A sorting step was also needed by Mirsaidov et al. to select the cells that were later used to synthesize tissue in the same microfluidic chip [56]. They used time sharing holographic optical tweezers to organize the cells into a complex array, which was afterwards encapsulated in a micro-sized volume of a photo-polymerizable hydrogel that mimics an extracellular matrix. By a step and repeat method, they extended the size of the encapsulated-cells volume until they obtained a super array of 200 cells. They created a heterogeneous array of E. coli, which were genetically engineered with a lac switch functionally linked to fluorescence reporter in order to monitor the viability and metabolic activity during the whole tissue synthesis.
An interesting example of a single optical tweezer used for sorting of cells is the one that is presented by Li et al. where they used the same femtosecond laser to fabricate the microfluidic chip (by water assisted surface ablation), and afterwards to perform the optical tweezer [57]. They presented a microfluidic device composed of two micropools in which they manipulated and sorted B substilis cells.

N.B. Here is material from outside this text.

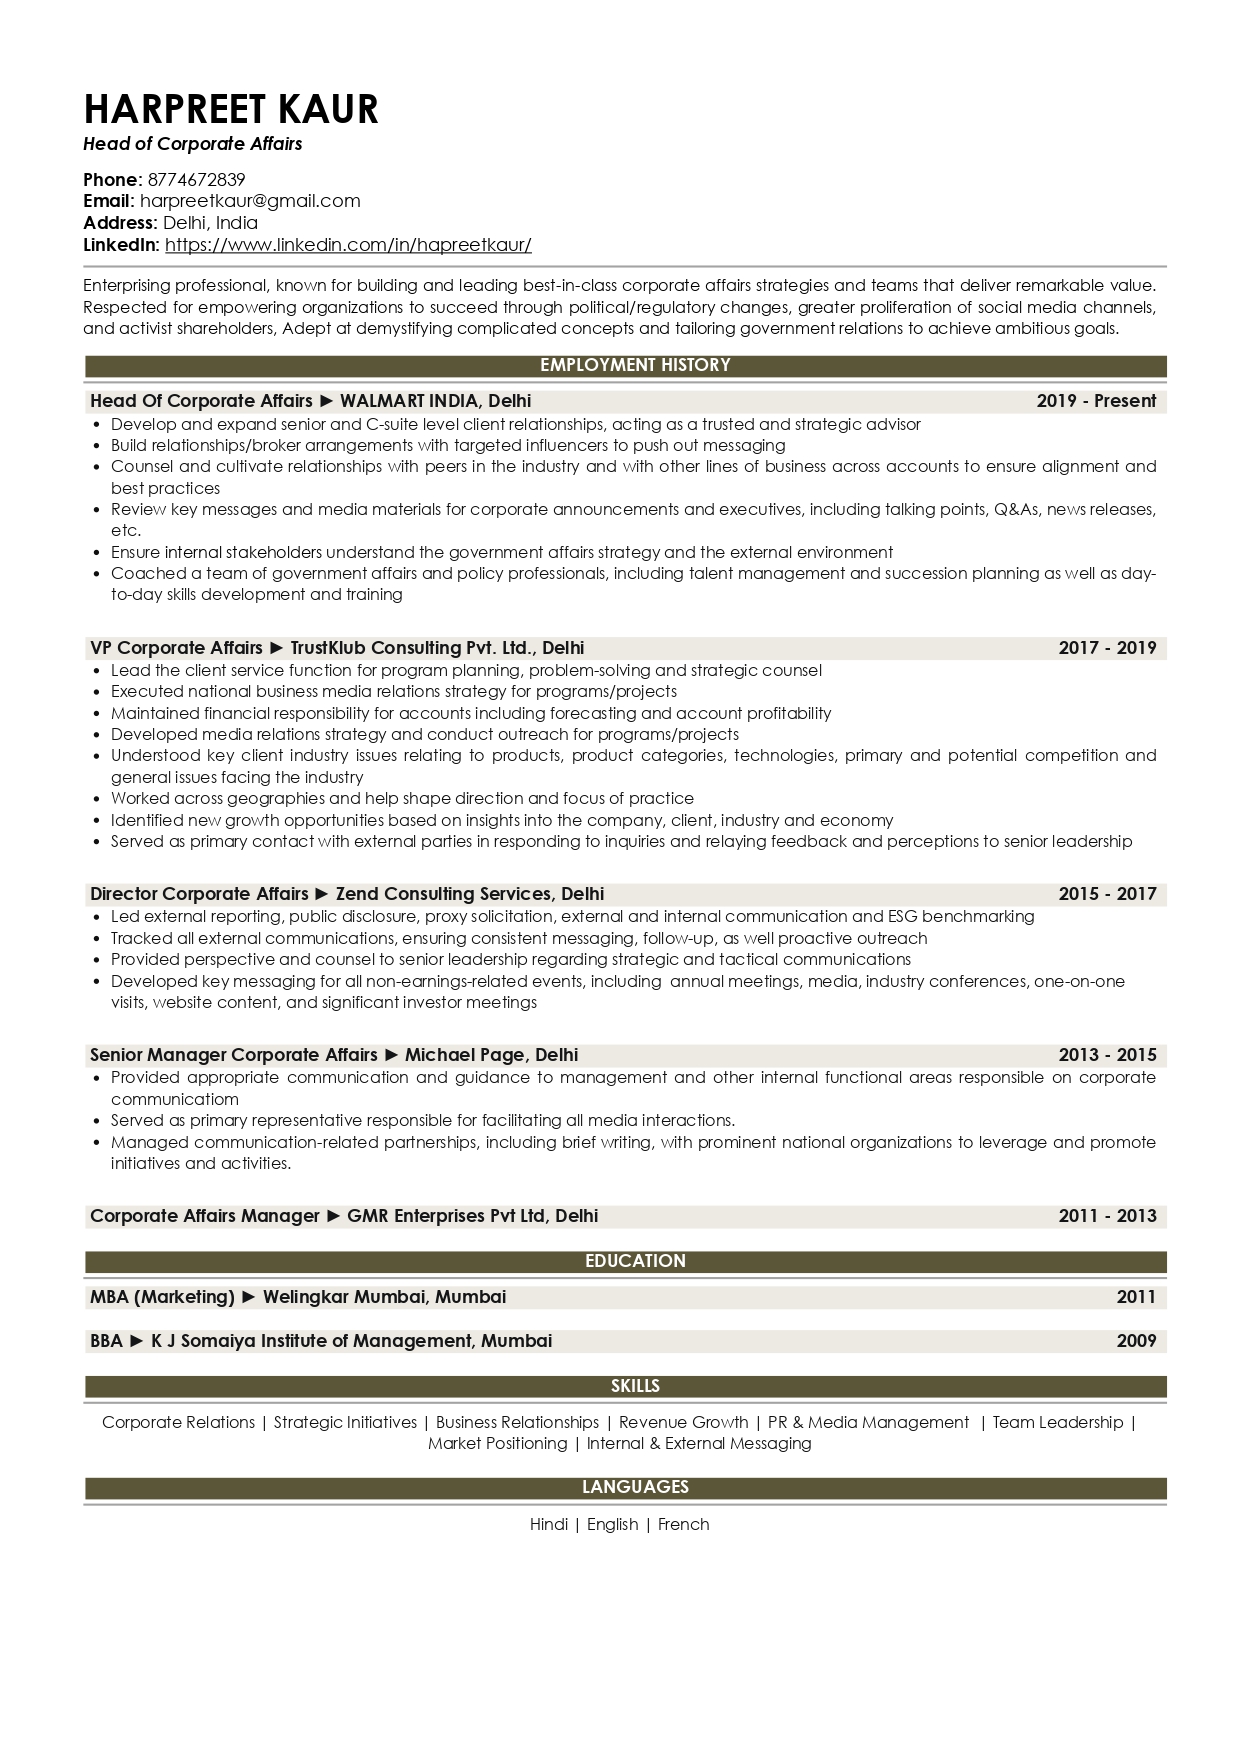 Sample Resume of Head of Corporate Affairs | Free Resume Templates & Samples on Resumod.co

2.3. Fluid Control Actuated by Optical Tweezers

In addition to allow particle trapping and positioning, with optical tweezers it is also possible to drive fluid control within microfluidic channels by the rotation of dedicated microscopic structures. This is accomplished either by spatially rotating the tweezer beam, by choosing a particular shape of the rotating micro-structure (fabricated with the help of laser photopolymerization) or by configuring the phase and the polarization of the tweezer beam. Terray et al. used the scanning laser optical trapping method [58] to implement microfluidic gears or peristaltic pumps [59].
To actuate the fluid multiple micro-size silica particles were moved by steering the tweezing beam through a scanning mirror. As it is reported in Figure 2a, for the gear pump, pairs of particles are rotated in opposite directions inducing a net flow. For the peristaltic pump, the particles are moved forward and backwards in a cooperative mode to obtain fluid propagation.
They also implemented a microfluidic valve, but this time exploiting laser photo-polymerization to organize silica beads in a specific geometry [63]. The micro-structure consisted on a silica bead (3 µm diameter) fixed to a row of smaller silica beads (0.65 µm), and the constructed passive valve was then actuated by the same laser used for the polymerization. The possibility to use two photon polymerization to manufacture micro-tools with arbitrary three-dimensional (3D) geometries has been used by other research groups again with the scope of actuating the fluid inside the microchannel. Maruo et al. created a spinning micro-rotor with twin spiral blades [60] that works as a microfluidic micropump that is driven by a focused laser beam, as reported in Figure 2b. The pump is positioned in a U shape channel and the optical tweezer has a double purpose; first, it maintains the pump on the desired position, and second, it induces an optical torque on the spiral blades that makes them rotate on the same direction reaching rotation speeds as high as 500 rpm. With a similar approach Lin et al. created Archimedes micro-screws (see Figure 2c inset) and performed a complete characterization of their rotating properties when actuated by an optical tweezer, also demonstrating their application as optofludic micro-pump [61]. In Figure 2c, the expected rotational frequencies of different pumps depending on the number of screws and the laser power are reported, demonstrating the linear dependence of rotating frequency with tweezer power. They demonstrated a microfluidic flow rate of 6 pL/min using a 1-screw micro-pump and a laser power of 200 mW (that induces a rotating frequency of 40 Hz). An elegant alternative to these strategies was explored by Leach and co-workers [62]. They exploited the spin momentum transfer from a circularly polarized tweezer laser beam to birefringent trapped particles. In particular, they used Vaterite micro-sized spheres with diameters ranging from 5 µm to 7 µm. As shown in Figure 2d, they placed two particles on opposite sides of the channels and next to the walls, the inverted handedness of the trapping beams induced an opposite rotation of the Vaterite particles and as a consequence a net fluid flow. With this device they demonstrated flows up to 200 fL/s with the two birefringent particles rotating at frequencies of 8.7 Hz and 9.2 Hz, respectively.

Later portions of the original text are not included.